| DATA |

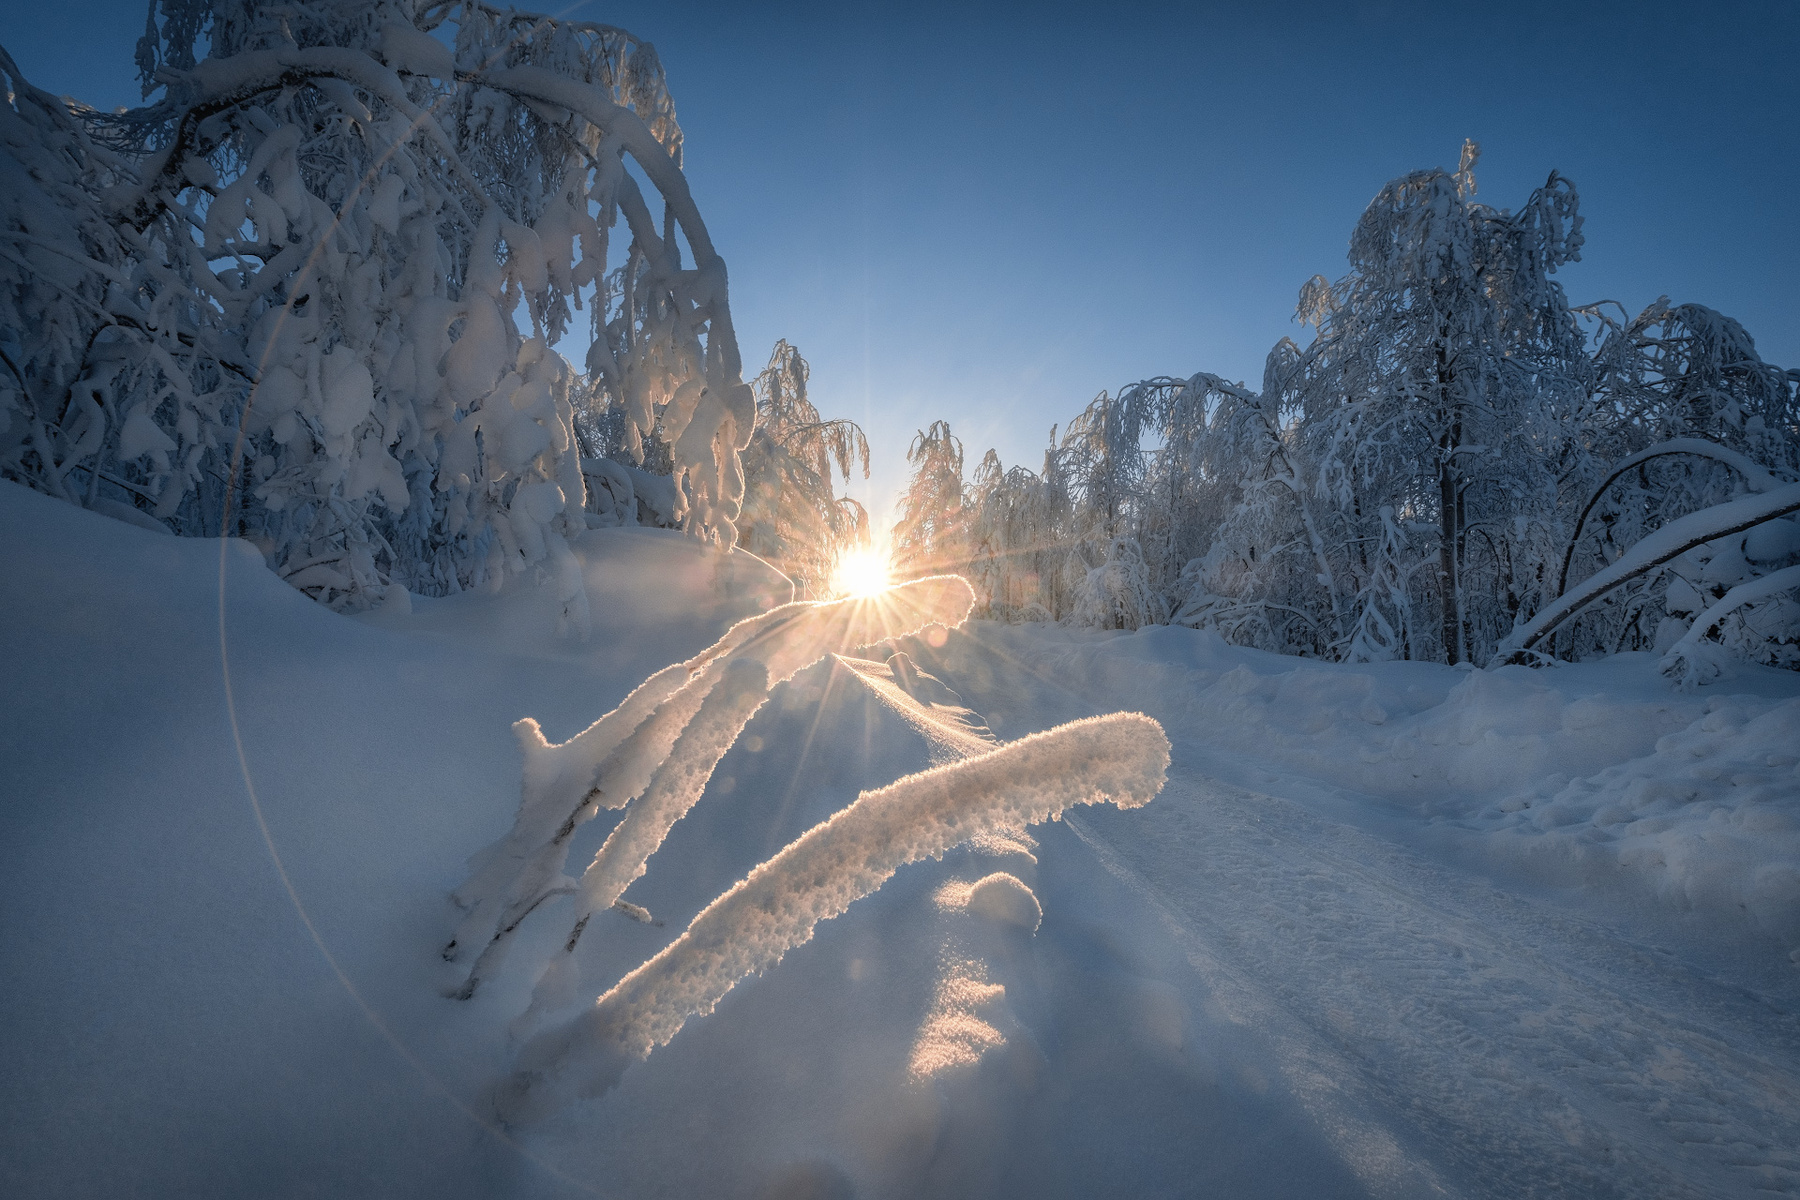 Морозная игра света зима мороз солнце свет деревья лес утро дорога рождество губаха пермь
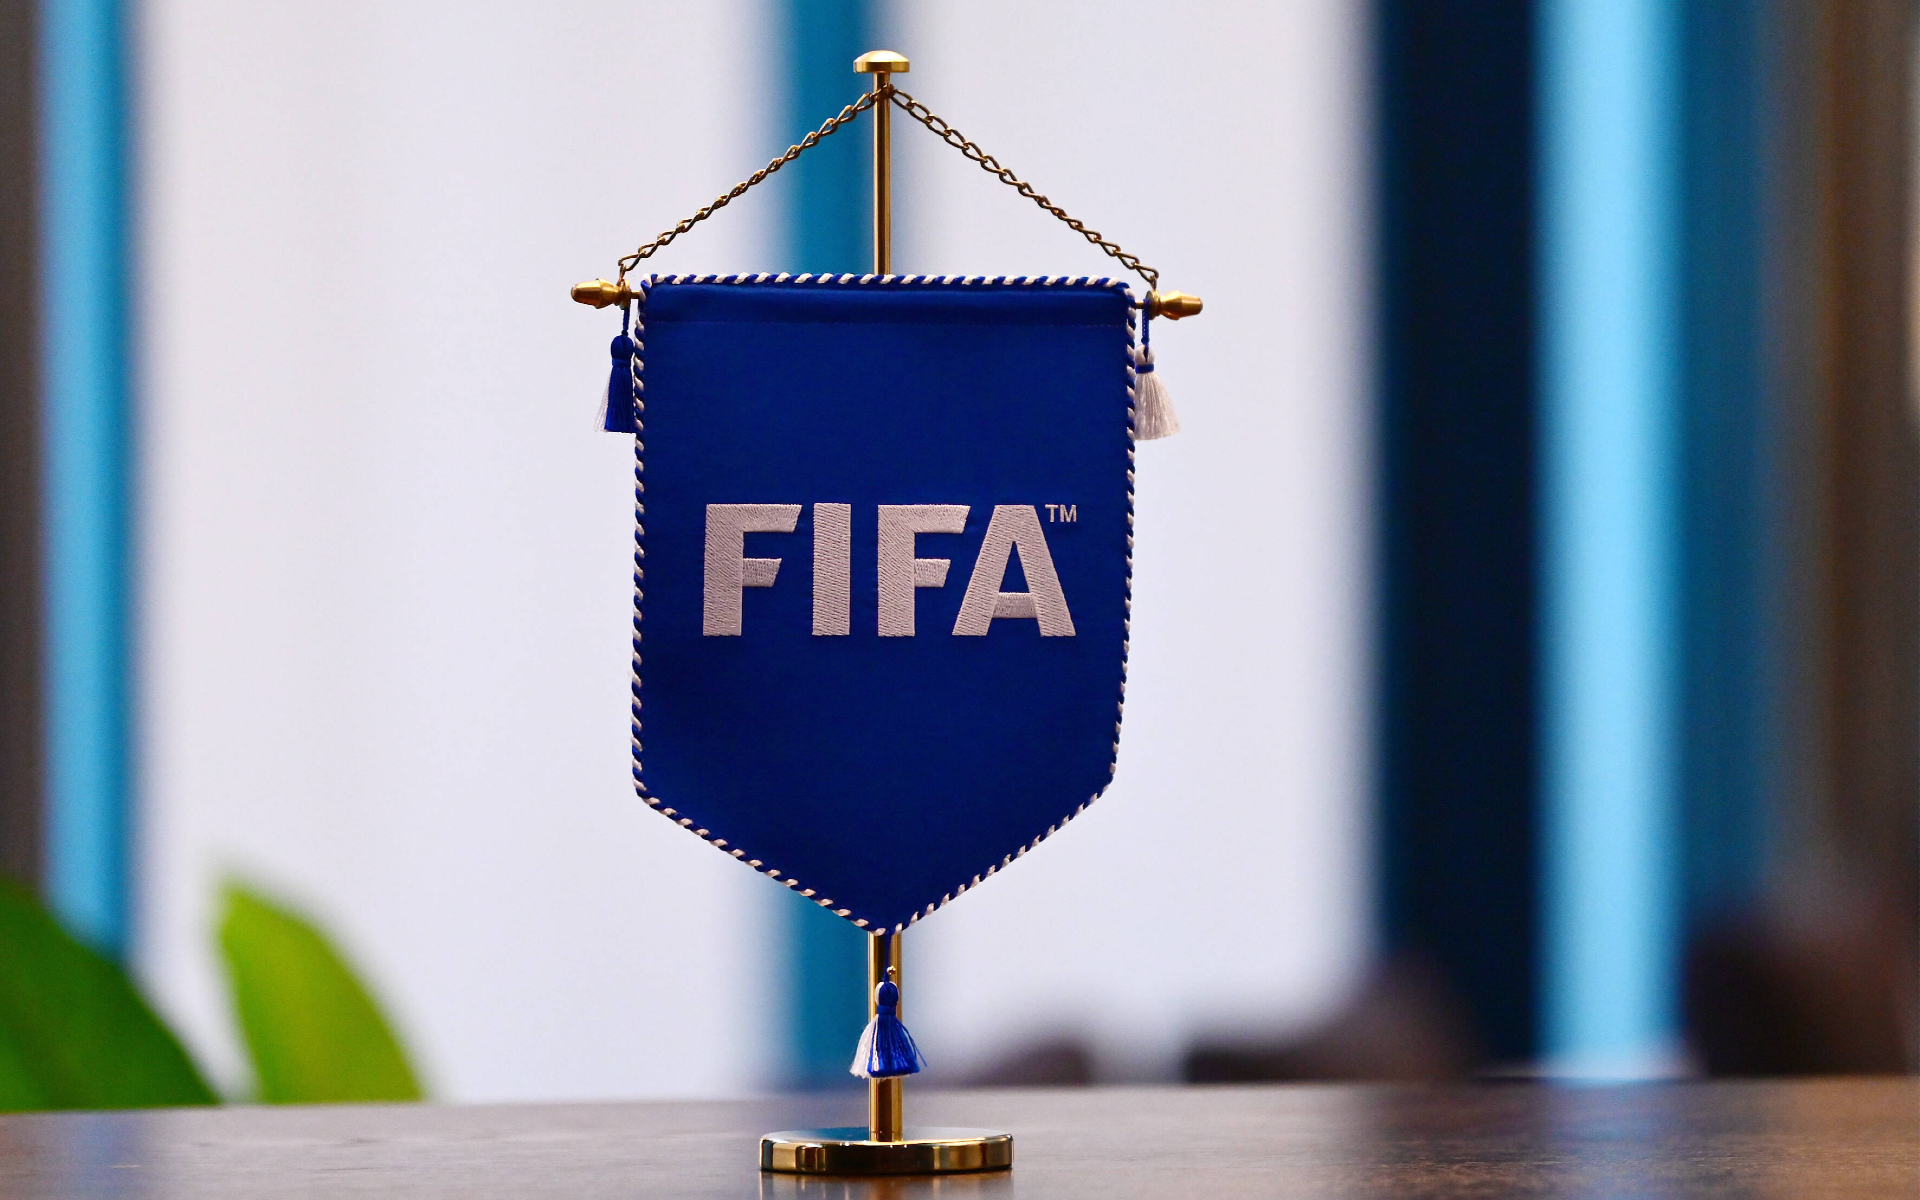 ФИФА не исключил Российский футбольный союз из организации 
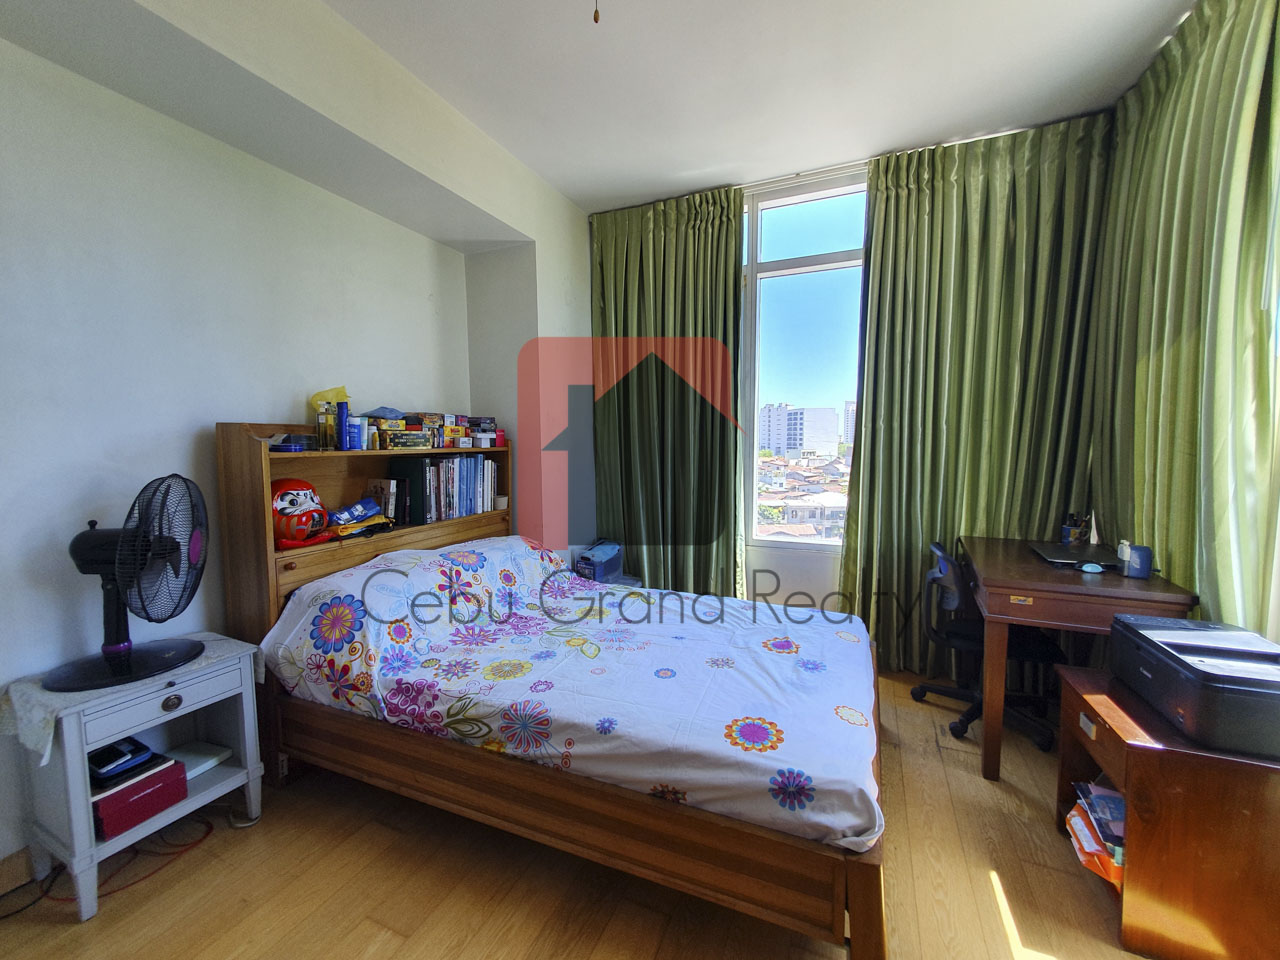 SRBTS11 2 Bedroom Condo for Sale in Cebu Business Park Cebu Gran
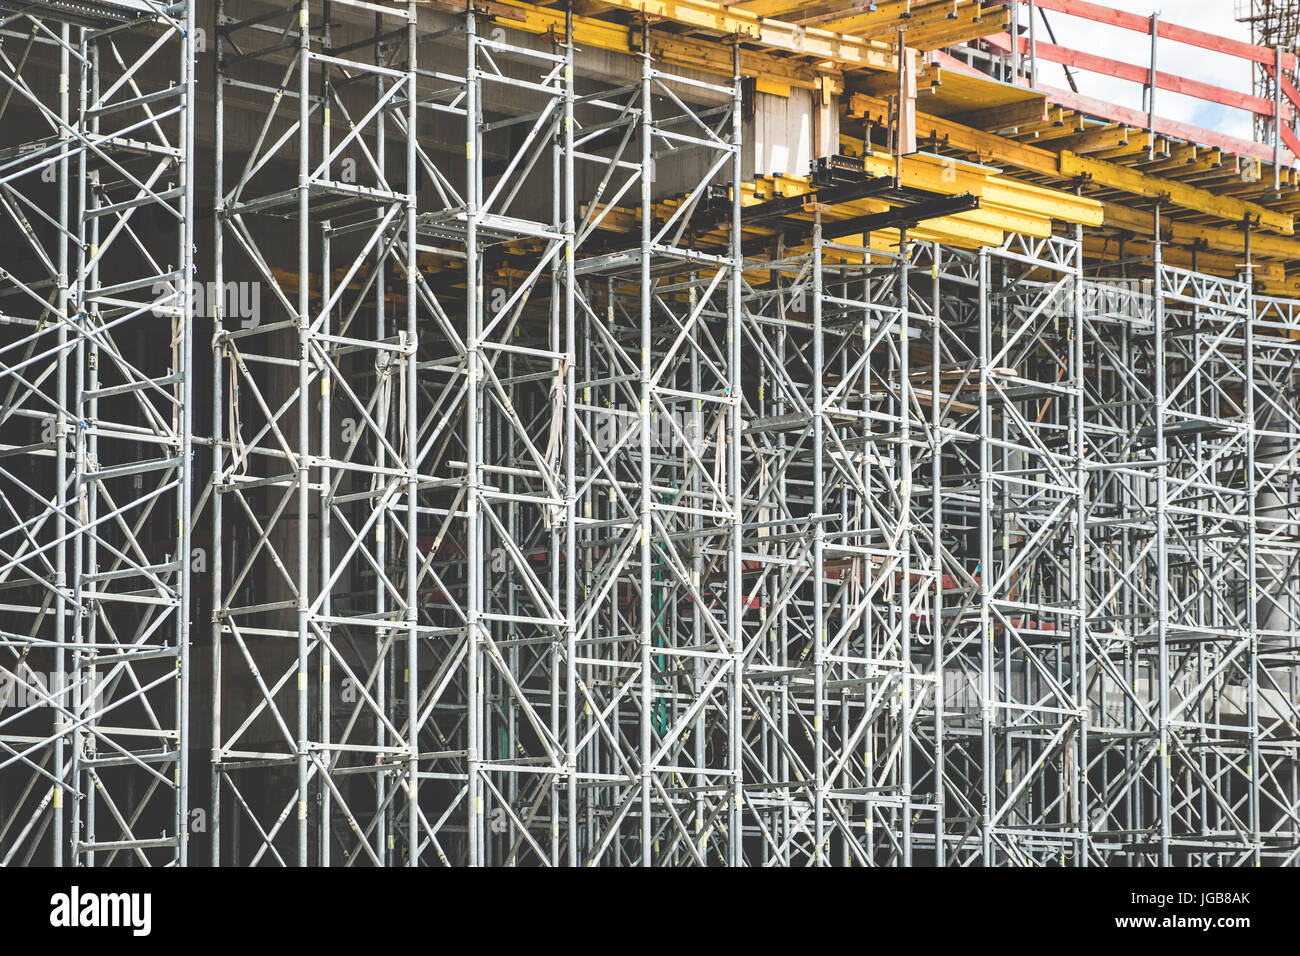 Cadre en métal / scaffolding on construction site Banque D'Images

| REQUIRED ACTION |
Would you return the whole listing exactly, without the pictures?

| RESULT OF THE TASK |
 Морозная игра света зима мороз солнце свет деревья лес утро дорога рождество губаха пермь
 ФИФА не исключил Российский футбольный союз из организации 
 SRBTS11 2 Bedroom Condo for Sale in Cebu Business Park Cebu Gran
 Cadre en métal / scaffolding on construction site Banque D'Images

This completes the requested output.